● Problem statement
Reproduce the listing exactly. Omit pictures.

● Records
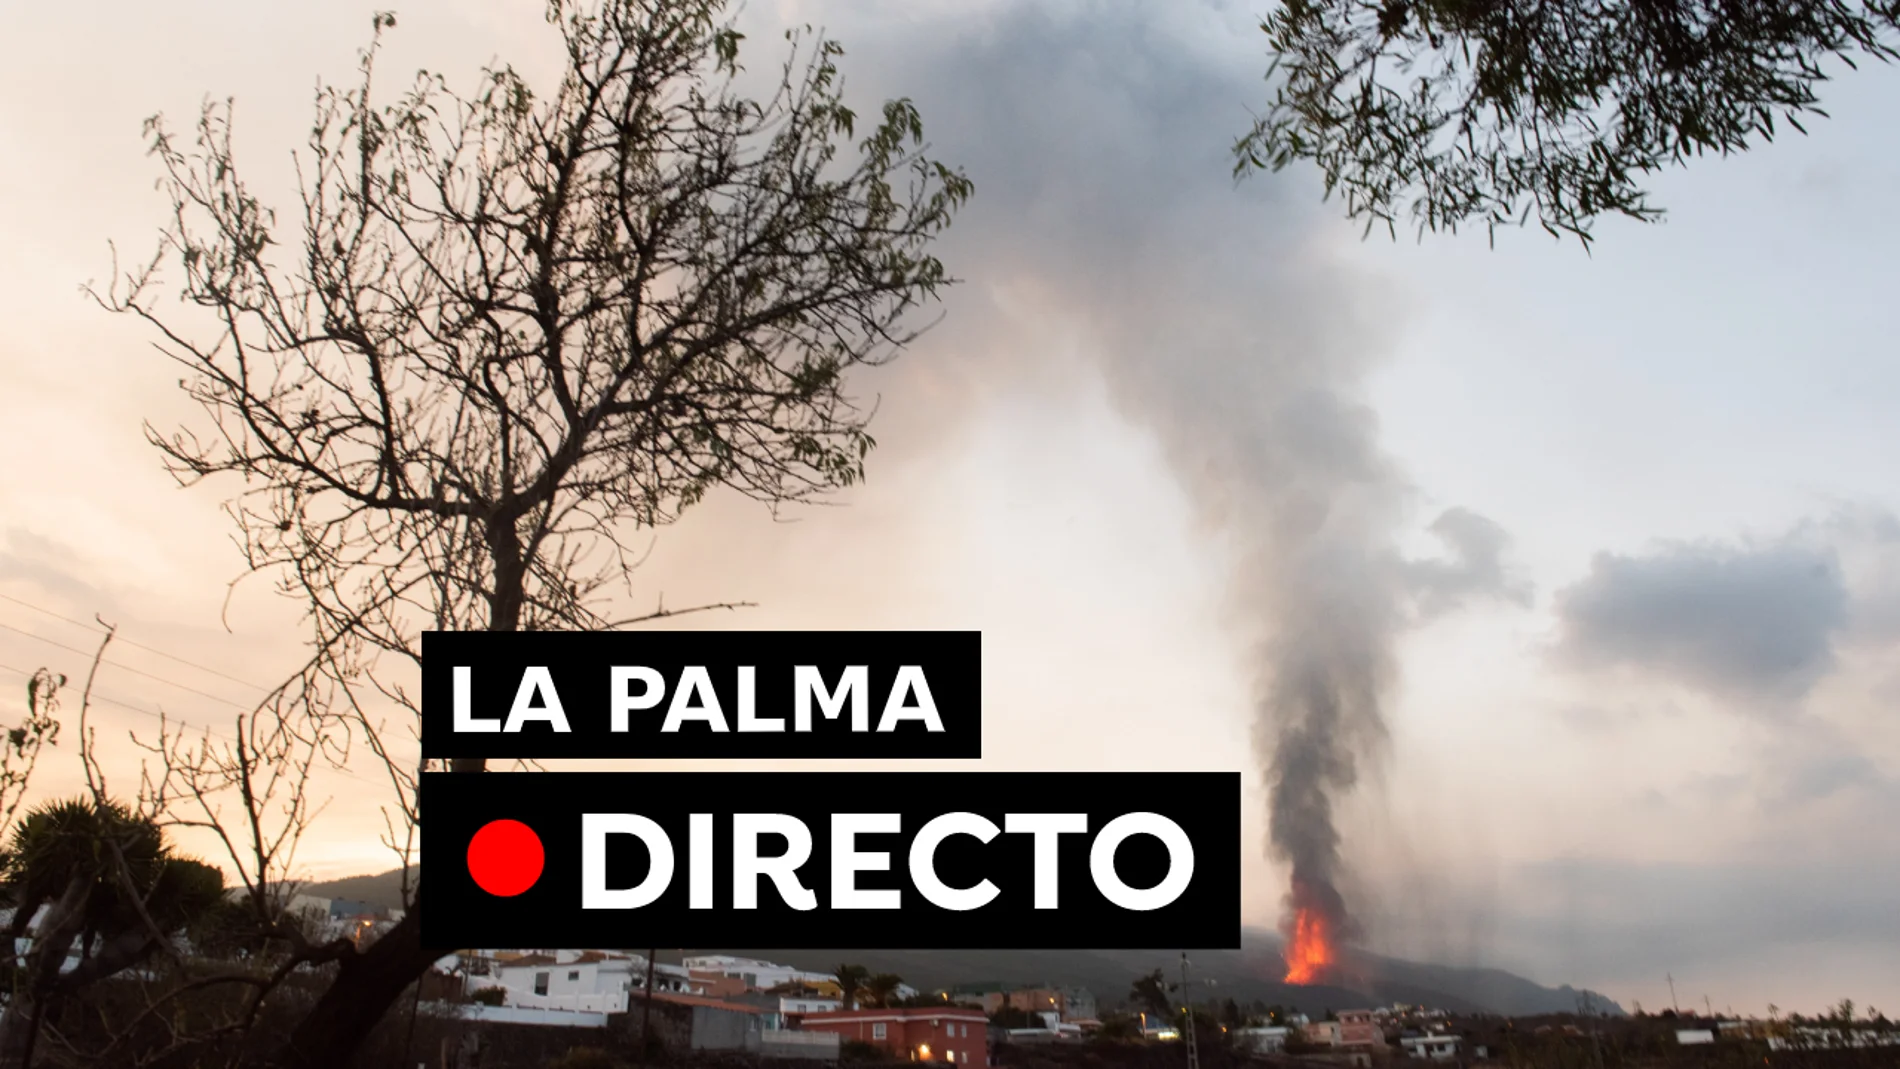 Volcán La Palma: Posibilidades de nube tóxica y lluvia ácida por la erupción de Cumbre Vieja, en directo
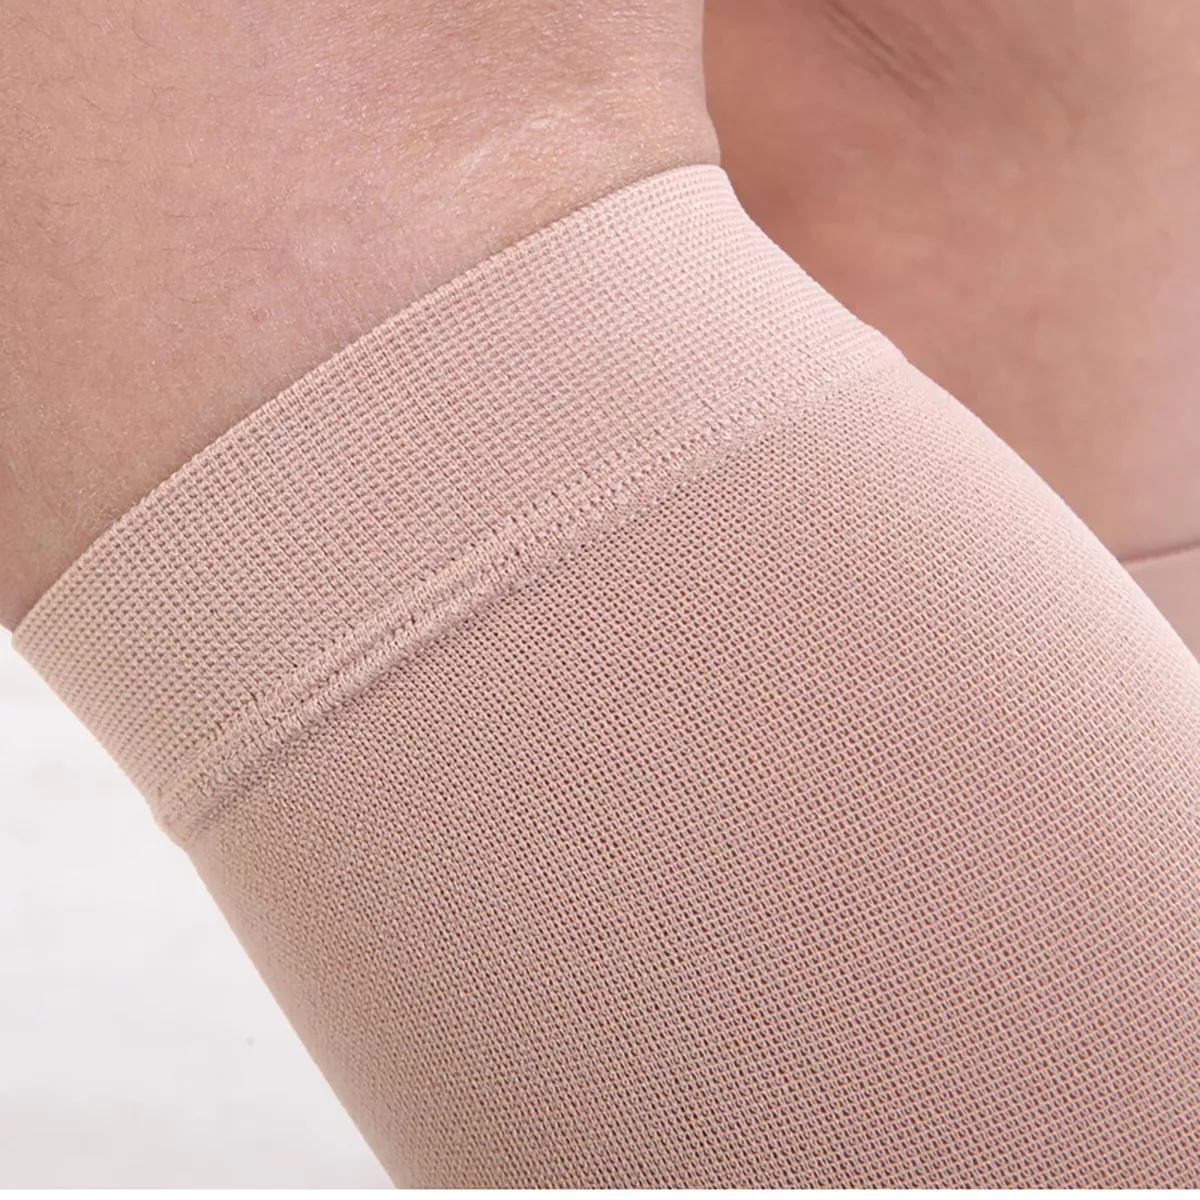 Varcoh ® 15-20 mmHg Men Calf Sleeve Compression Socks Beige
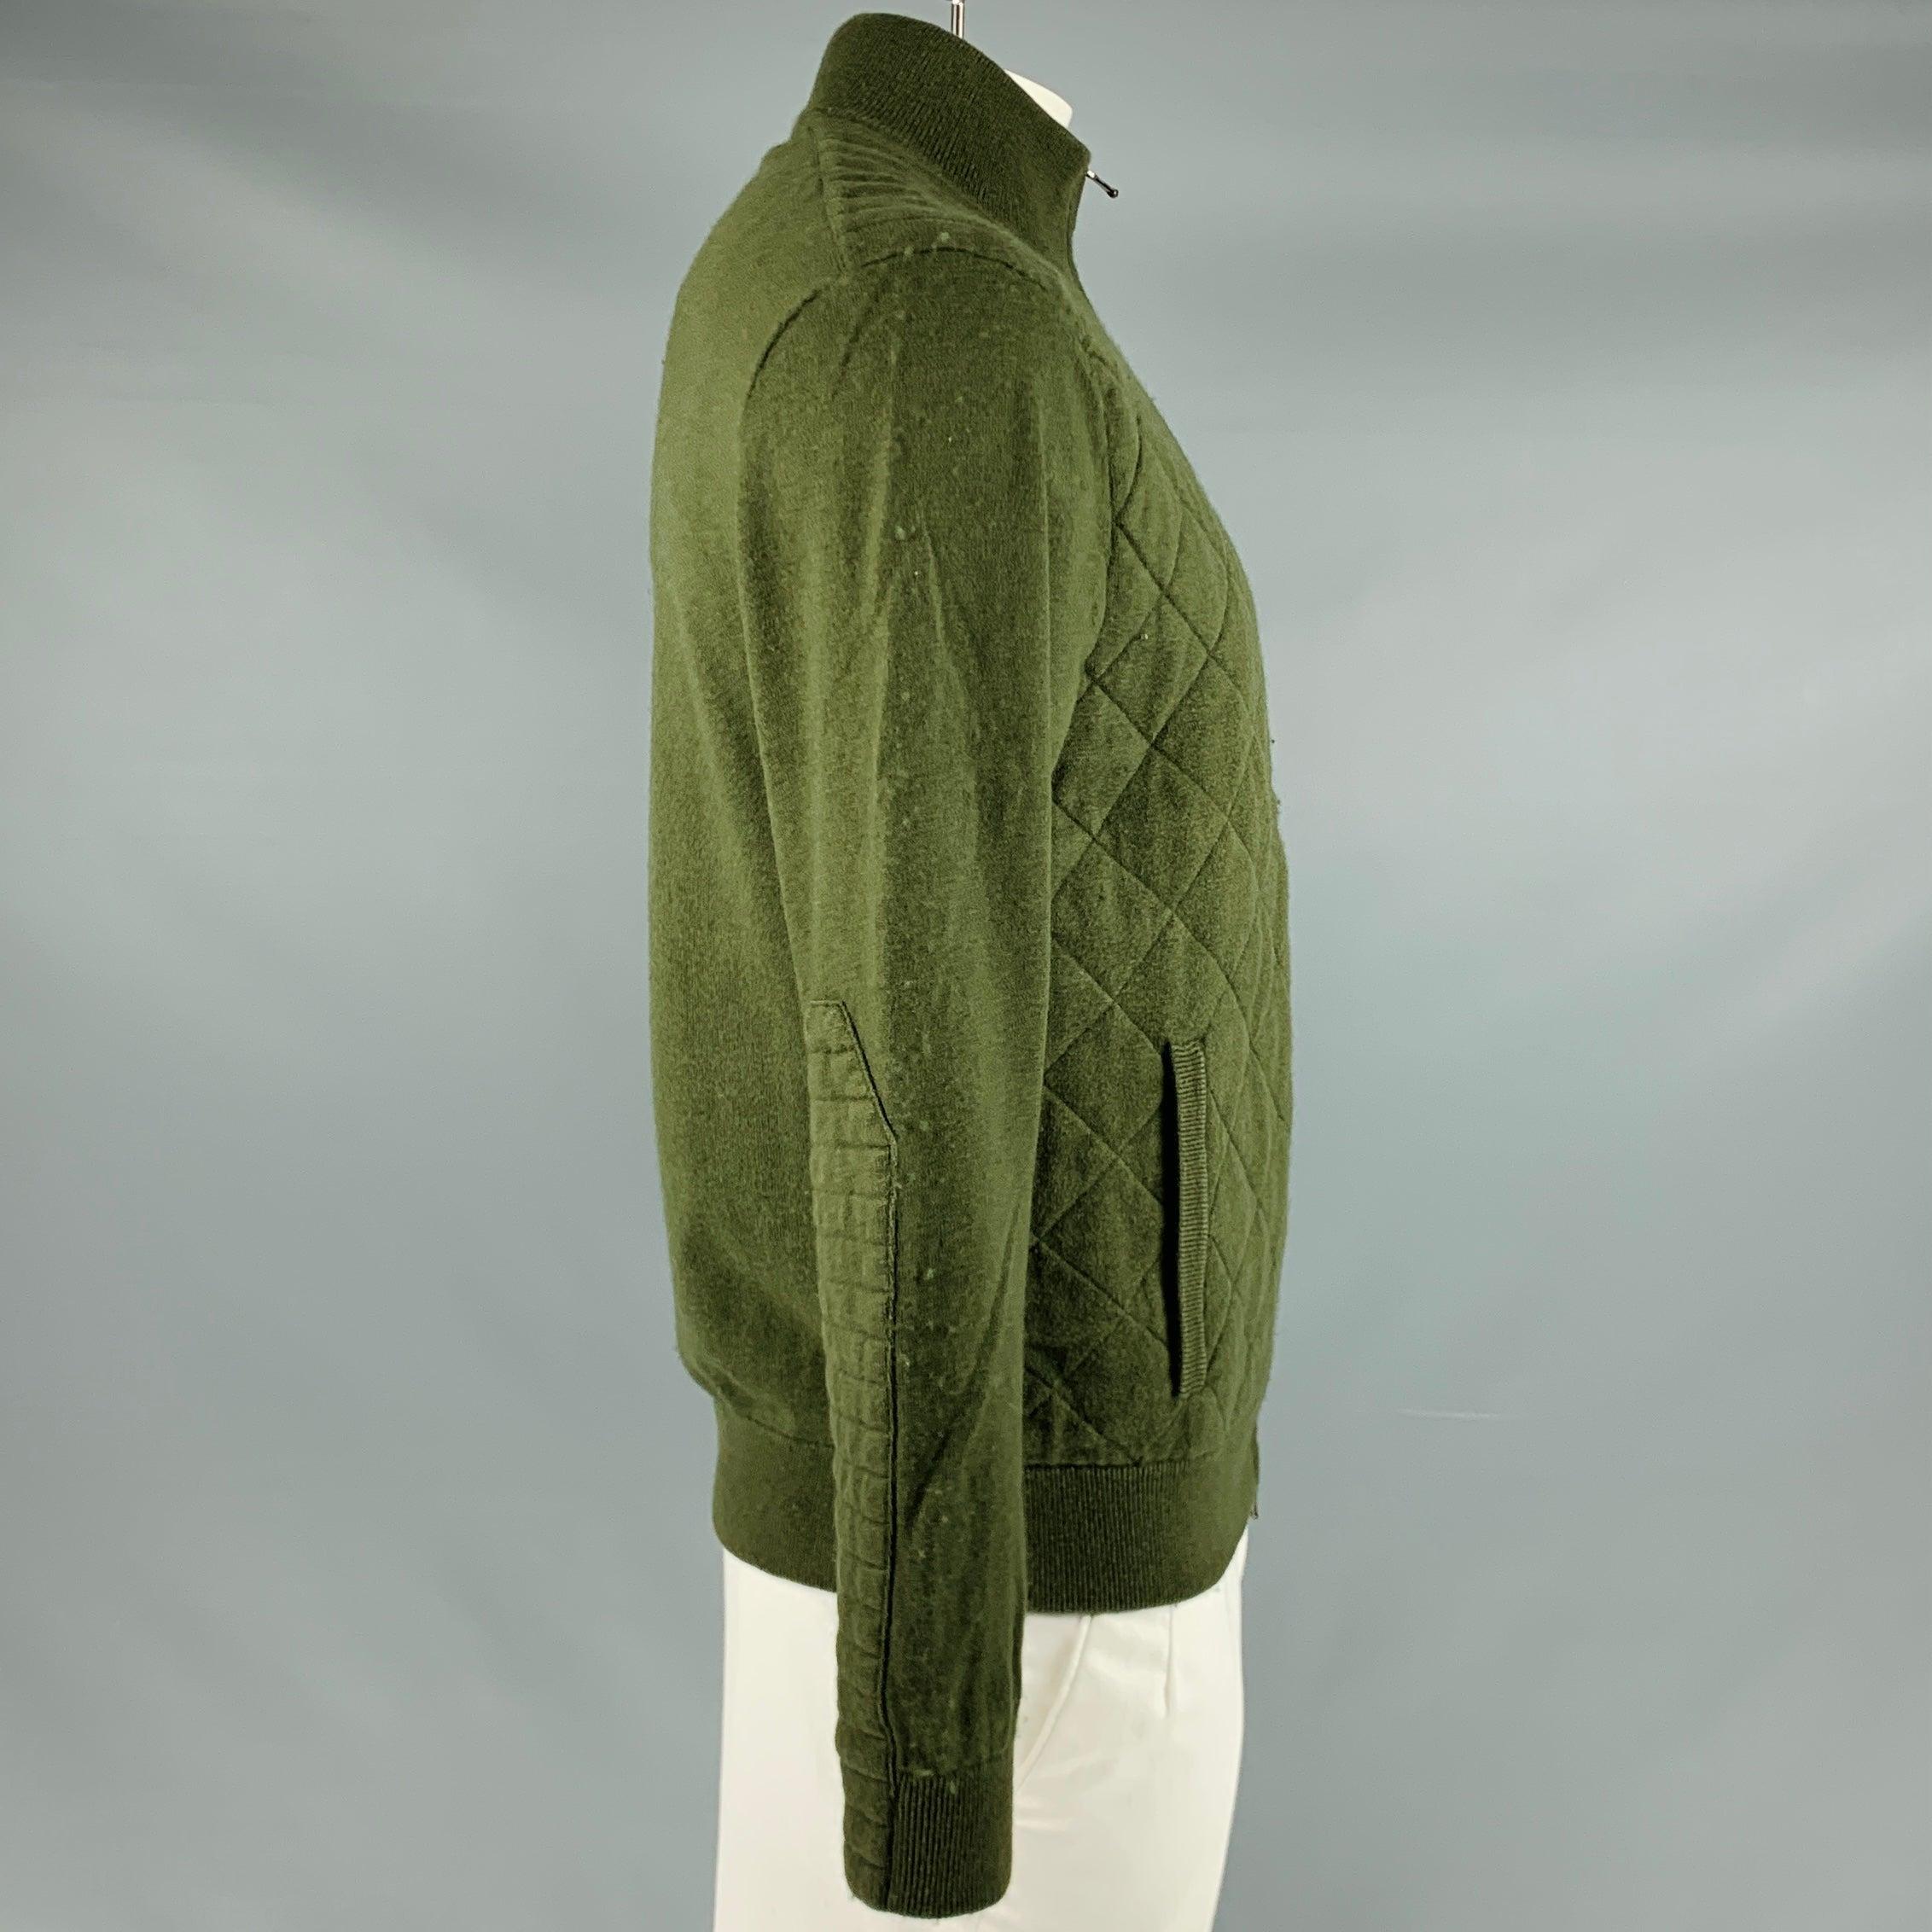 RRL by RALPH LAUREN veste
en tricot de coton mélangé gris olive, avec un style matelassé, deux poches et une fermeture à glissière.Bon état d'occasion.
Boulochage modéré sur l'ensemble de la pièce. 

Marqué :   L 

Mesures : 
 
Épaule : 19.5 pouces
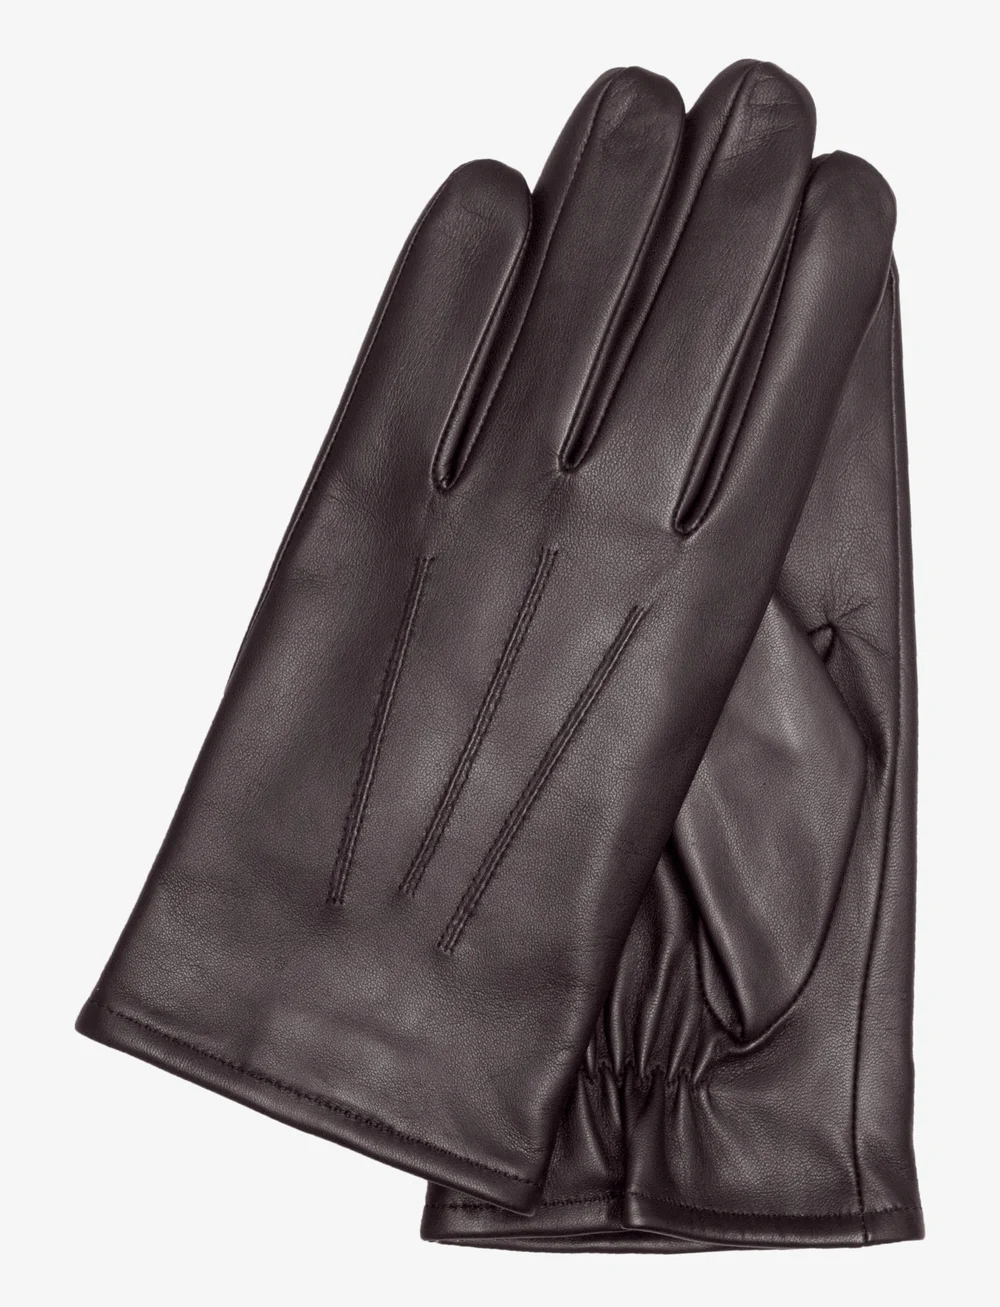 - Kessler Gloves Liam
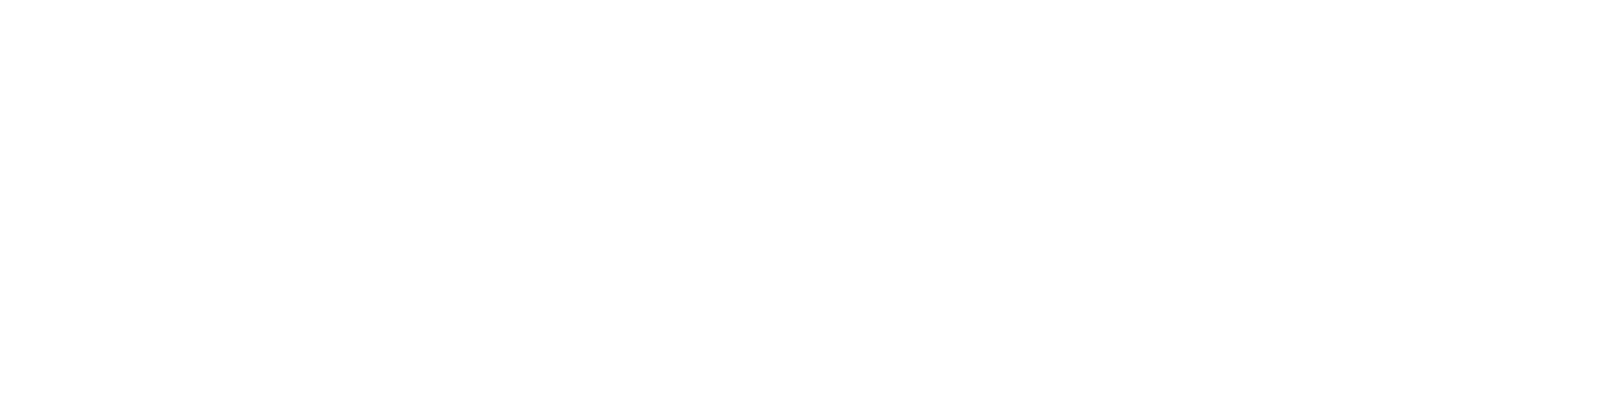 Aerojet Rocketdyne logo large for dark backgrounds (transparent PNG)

● Output below
 Volcán La Palma: Posibilidades de nube tóxica y lluvia ácida por la erupción de Cumbre Vieja, en directo
 Varcoh ® 15-20 mmHg Men Calf Sleeve Compression Socks Beige
 RRL by RALPH LAUREN veste
en tricot de coton mélangé gris olive, avec un style matelassé, deux poches et une fermeture à glissière.Bon état d'occasion.
Boulochage modéré sur l'ensemble de la pièce. 

Marqué :   L 

Mesures : 
 
Épaule : 19.5 pouces
 - Kessler Gloves Liam
 Aerojet Rocketdyne logo large for dark backgrounds (transparent PNG)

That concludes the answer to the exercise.